Converting a lambda expression to an Expression<TDelegate> creates an expression tree rather than a delegate, as noted previously. Earlier in this chapter, we also explored how to convert a lambda such as (x,y)=>x>y to a delegate type such as Func<int, int, bool>. To turn this same lambda into an expression tree, we simply convert it to Expression<Func<int, int, bool>>, as shown in Listing 13.26. We can then examine the generated object and display information about its structure, as well as that of a more complex expression tree.
Note that passing an instance of the expression tree to Console.WriteLine() automatically converts the expression tree to a descriptive string form; the objects generated for expression trees all override ToString() so that you can see the contents of an expression tree at a glance when debugging.
In Output 13.5, we see that the Console.WriteLine() statements within Main() print out the body of the expression trees as text.
The important point to note is that an expression tree is a collection of data, and by iterating over the data, it is possible to convert the data to another format.
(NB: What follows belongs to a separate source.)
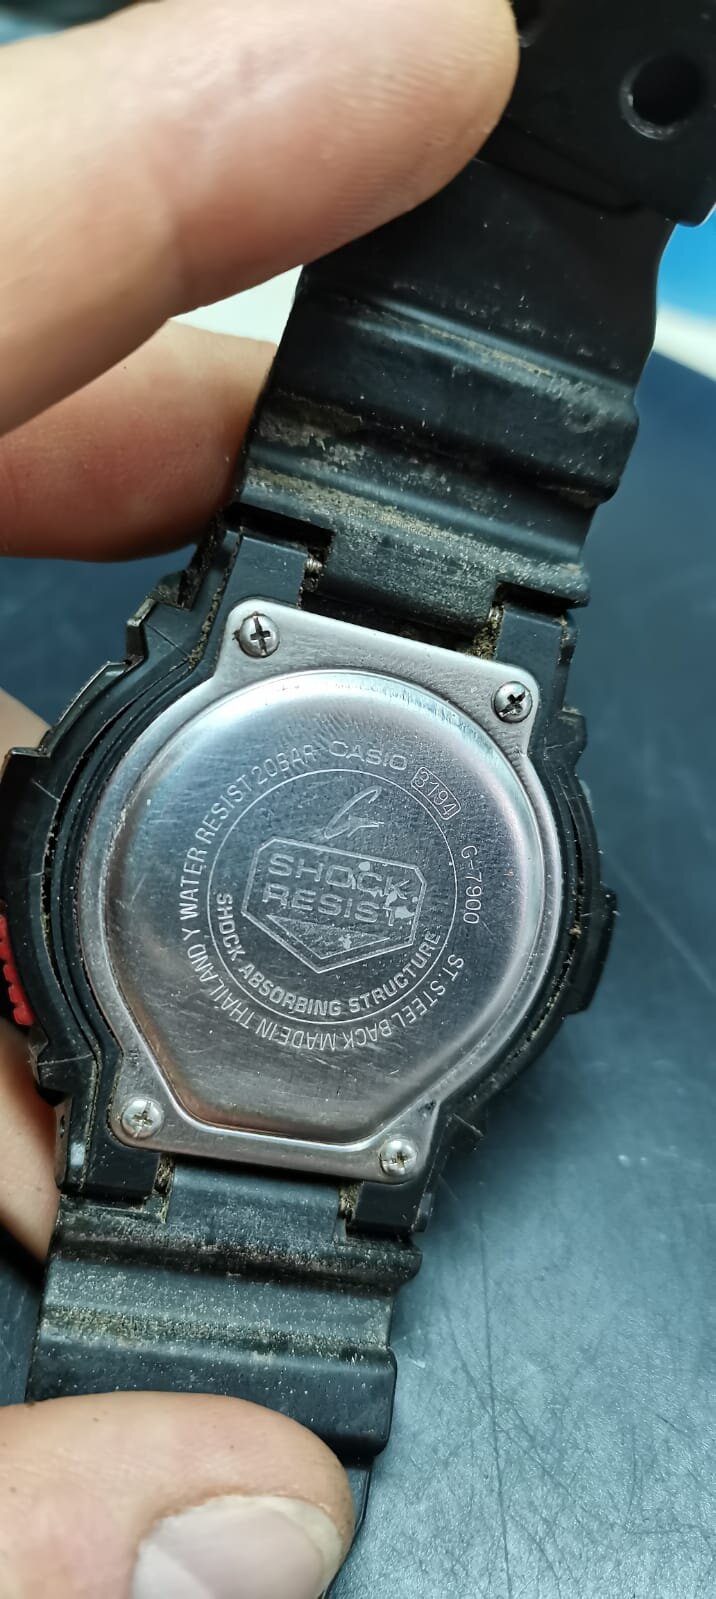 Casio G shock watch G 7900 3194 watch repair nearby.jpeg

In this case, we convert the expression tree to descriptive strings, but it could also be converted to expressions in another query language.
Using recursion, the PrintNode() function demonstrates that nodes in an expression tree are themselves trees containing zero or more child expression trees. The root tree that represents the lambda refers to the expression that is the body of the lambda with its Body property. Every expression tree node includes a NodeType property of enumerated type ExpressionType that describes what kind of expression it is. Numerous types of expressions exist: BinaryExpression, ConditionalExpression, LambdaExpression, MethodCallExpression, ParameterExpression, and ConstantExpression are examples. Each type derives from Expression.
Although the expression tree library now contains objects to represent most of the statements of C# and Visual Basic, neither of these languages actually supports the conversion of statement lambdas to expression trees. Only expression lambdas can be converted to expression trees.